When some write becomes visible to other CPUs, I don't think the
architectures define precisely (more like in vague terms as
"eventually"). That's why we can't talk about barriers in relation to a
single write as the barrier doesn't make a write visible but rather
makes it visible _before_ a subsequent write becomes visible (whenever
that may be).
Anyway, as above, I think the current code is still missing some
barriers between dma_uses_io_tlb update or read and the actual pool
writes. But I haven't figured out how this works with the asynchronous
swiotlb_dyn_alloc().
--
Catalin
Hi Catalin,
thank you for your reply!
On Fri, 15 Sep 2023 18:09:28 +0100
Catalin Marinas <[email protected]> wrote:
> On Fri, Sep 15, 2023 at 11:13:43AM +0200, Petr Tesařík wrote:
> > On Thu, 14 Sep 2023 19:28:01 +0100
> > Catalin Marinas <[email protected]> wrote:
> > > What do the smp_wmb() barriers in swiotlb_find_slots() and
> > > swiotlb_dyn_alloc() order? The latter is even more unclear as it's at
> > > the end of the function and the "pairing" comment doesn't help.
> >
> > By the time swiotlb_find_slots() returns a valid slot index, the new
> > value of dev->dma_uses_io_tlb must be visible by all CPUs in
> > is_swiotlb_buffer(). The index is used to calculate the bounce buffer
> > address returned to device drivers. This address may be passed to
> > another CPU and used as an argument to is_swiotlb_buffer().
>
> Ah, I remember now. So the smp_wmb() ensures that dma_uses_io_tlb is
> seen by other CPUs before the slot address (presumably passed via other
> memory write).

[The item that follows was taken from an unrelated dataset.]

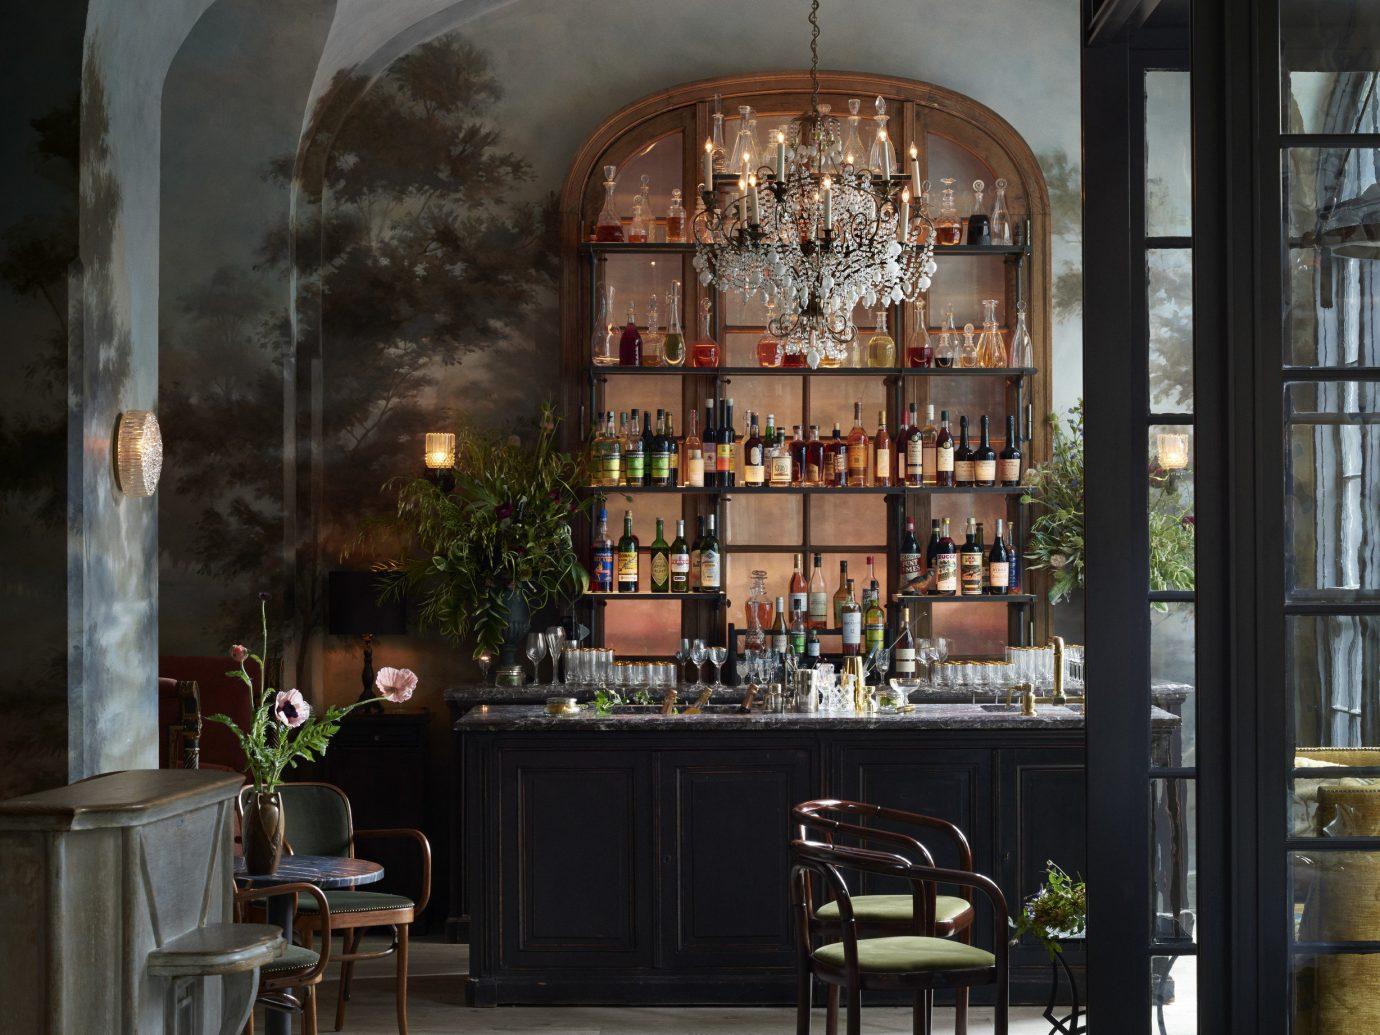 Bar at Le Coucou

It may be worth updating the comment in the code (I'm
> sure I'll forget it in a month time). The smp_rmb() before READ_ONCE()
> in this patch is also needed for the same reasons (ordering after the
> read of the address passed to is_swiotlb_buffer()).

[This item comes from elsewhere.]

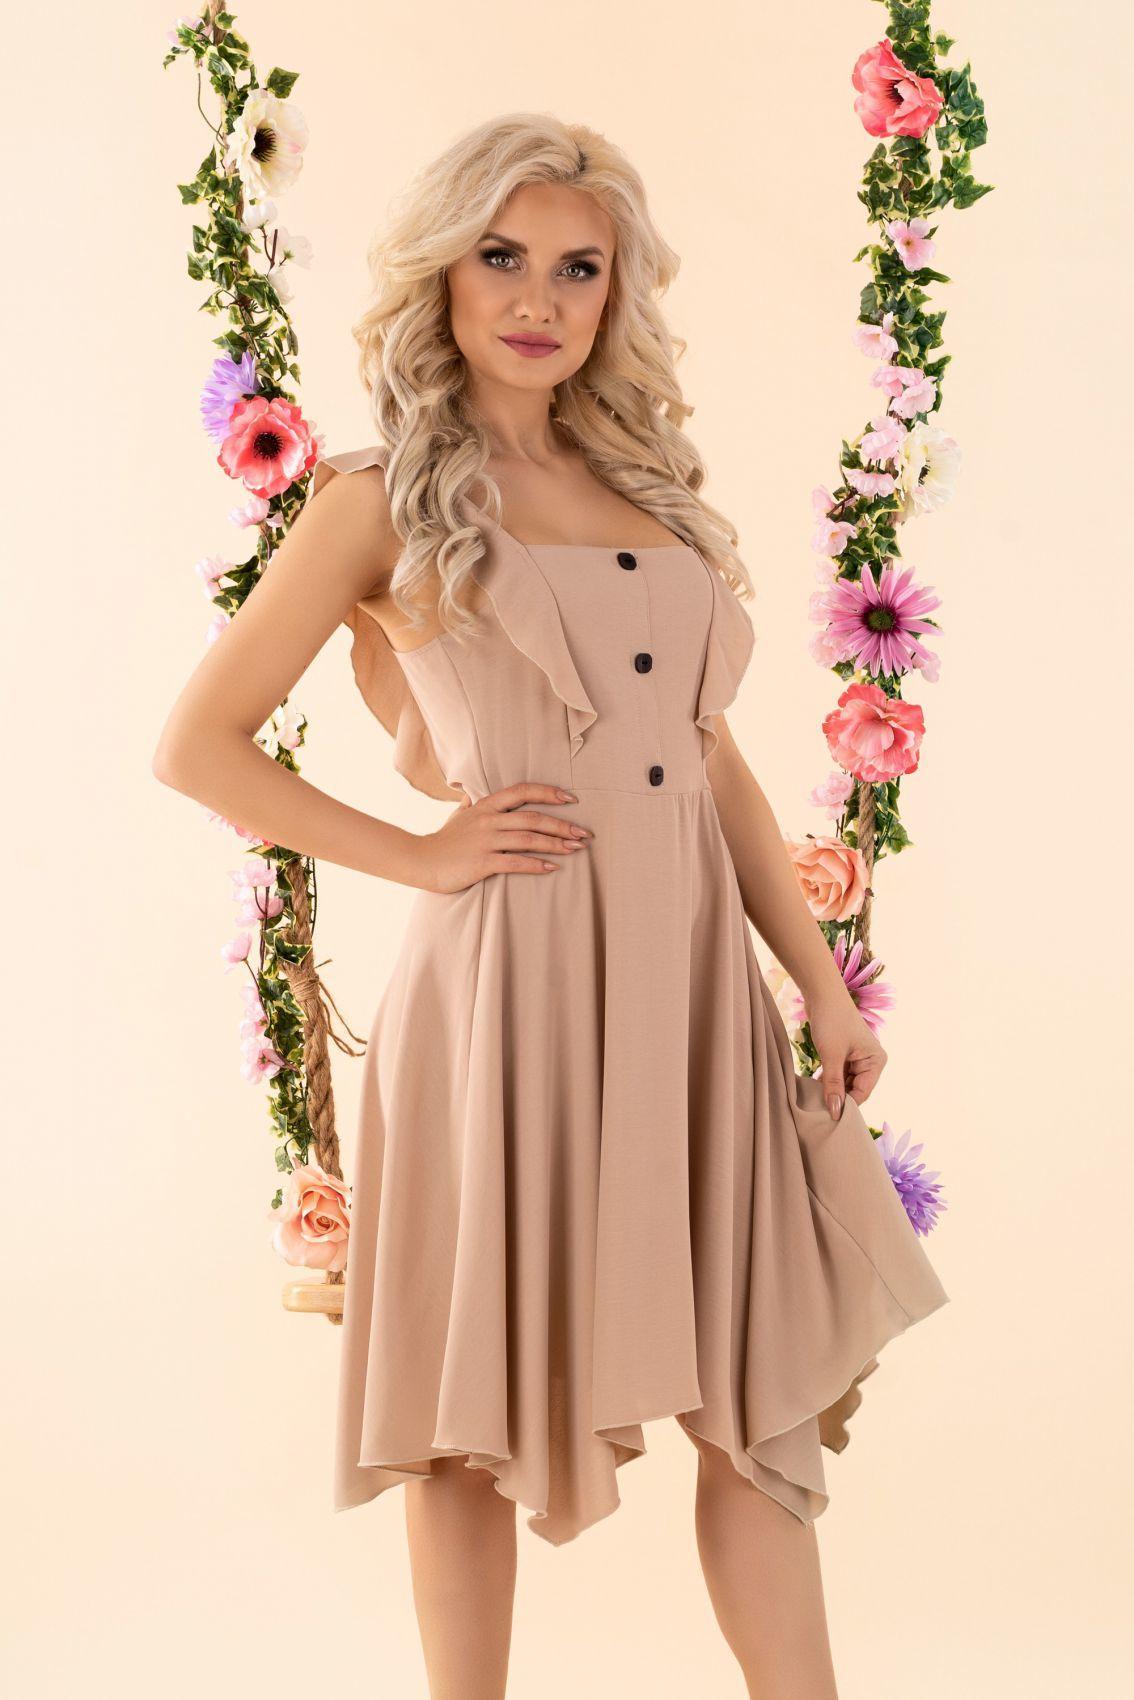 Quellama Beige D54 sukienka

I agree. The comment should definitely mention the implicitly assumed
memory write done by device drivers, because it is not obvious which
two writes are being ordered.
> BTW, you may want to use WRITE_ONCE() when setting dma_uses_io_tlb (it
> also matches the READ_ONCE() in is_swiotlb_buffer()). Or you can use
> smp_store_mb() (but check its semantics first).
I can use WRITE_ONCE(), although I believe it does not make much
difference thanks to the barrier provided by smp_wmb().
Using smp_store_mb() should also work, but it inserts a full memory
barrier, which is more than is needed IMO.
> > I am not sure that the smp_wmb() in swiotlb_dyn_alloc() is needed, but
> > let me explain my thinking. Even if the dev->dma_uses_io_tlb flag is
> > set, is_swiotlb_buffer() returns false unless the buffer address is
> > found in the RCU list of swiotlb pools, which is walked without taking
> > any lock. In some iterations of the patch series, there was a direct
> > call to swiotlb_dyn_alloc(), and a smp_wmb() was necessary to make sure
> > that the list of swiotlb pools cannot be observed as empty by another
> > CPU. You have already explained to me that taking a spin lock in
> > add_mem_pool() is not sufficient, because it does not invalidate a
> > value that might have been speculatively read by another CPU before
> > entering the critical section. OTOH swiotlb_dyn_alloc() is always
> > called through schedule_work() in the current version. If that
> > implicitly provides necessary barriers, this smp_wmb() can be removed.
>
> Normally you'd need a barrier between pool update and flag update:
>
> list_add_rcu(&pool->node, &mem->pools);
> smp_wmb();
> WRITE_ONCE(dev->dma_uses_io_tlb, true);
I agree. However, if is_swiotlb_buffer() gets an address allocated from
a swiotlb pool that was added here, then it also had to be returned by
swiotlb_find_slots(), where smp_wmb() makes sure that all writes are
visible before the above-mentioned assumed write of the buffer pointer
into a private data field, performed by driver code.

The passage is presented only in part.